Frente a esas antropologías
que nos deshumanizan, Castro propone una antropología cristiana, que él define
por el rasgo del «encuentro». Encuentro con los demás y con el Creador.
Encuentro que es consecuencia del carácter «referencial» del ser humano, como
tantos pensadores cristianos (Laín, Zubiri, Marías) han destacado. El hombre es
un ser con el otro, para el otro, desde el otro. Frente al sartriano «los demás
son el infierno», oponemos la visión cristiana de los demás como base en la que
fundamentamos el sentido del propio yo.
Se trata, de una
antropología con una dimensión esencialmente crística. Cristo como «hombre
perfecto y perfecto hombre» es el punto desde el que se parte y hacia el que se
tiende.
¿Cómo se ha
llegado a esta situación? ¿Dónde están las raíces que han alimentado este
árbol? El autor comienza hablando del giro antropológico de la cultura
occidental, de cómo el hombre se convirtió en el centro de todas las
preocupaciones. «La era moderna se caracterizó por colocar en el centro de toda
perspectiva al ser humano. Los diversos humanismos tenían en su núcleo una
visión acerca de qué es el hombre, qué es lo verdaderamente humano, y sobre la
base de este criterio conformaban sus propuestas morales, sociales, políticas…

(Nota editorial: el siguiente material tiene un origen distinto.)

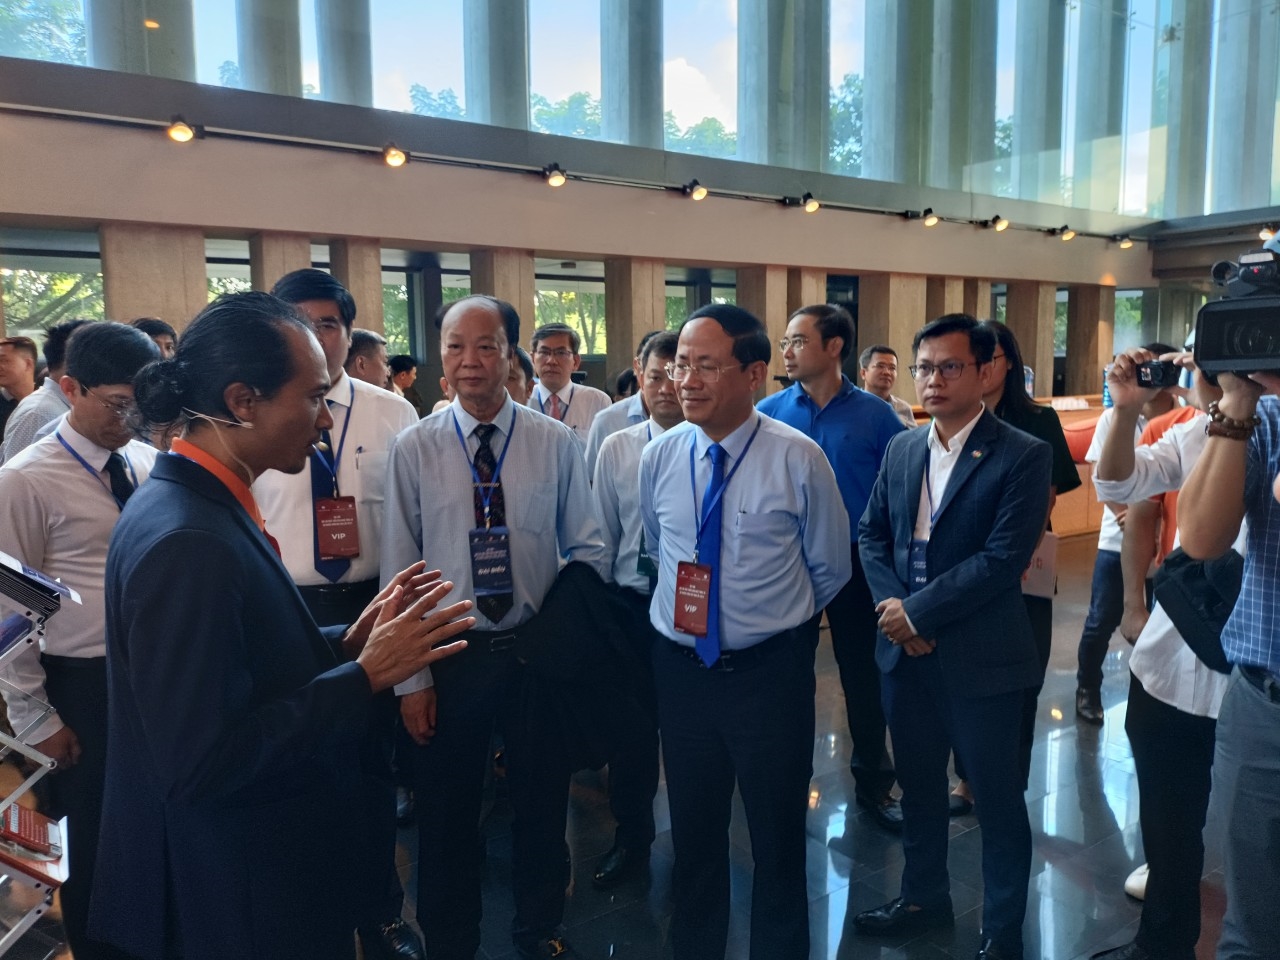 Ông Phạm Anh Tuấn, Chủ tịch UBND tỉnh Bình Định (thứ 3 từ trái sang) trao đổi với các đại biểu tham gia triển lãm

(p.13). Es ese dilatado proceso humanista, ilustrado que desemboca en la
declaración de los Derechos Humanos (p. 106) y avanza paralelo al proceso de
secularización (p. 106) que, entre otras cosas, da lugar al estado laico.
Este largo proceso
del humanismo puede definirse como antropocéntrico: «A lo largo de toda la era
moderna lo que se ha plasmado cultural e ideológicamente en nuestra sociedad ha
sido el imaginario antropocéntrico, ligado a la convicción acerca de la
dignidad de cada ser humano» (p. 10).
Ahora bien, un
concepto del hombre sin referencia a Dios termina siendo un concepto inhumano.
«El humanismo exclusivo es un humanismo inhumano» (107). Y esa antropología sin
Dios tiene sus consecuencias, su inevitable vertiente práctica: la indiferencia
hacia los demás, su consideración de meros objetos de los que me interesa su
utilidad.
¿Estaba ya en ese
giro antropocéntrico la semilla de estas antropologías inhumanas? ¿No se
imponen esas antropologías en la medida en que avanza ese proceso de
secularización? La repuesta a estas preguntas es, cuanto menos, inquietante.
Lo cierto es que
nada es nuevo. En el comienzo del Génesis ya aparece esta situación
especialmente paradójica del ser humano, esta continua tensión entre dos polos.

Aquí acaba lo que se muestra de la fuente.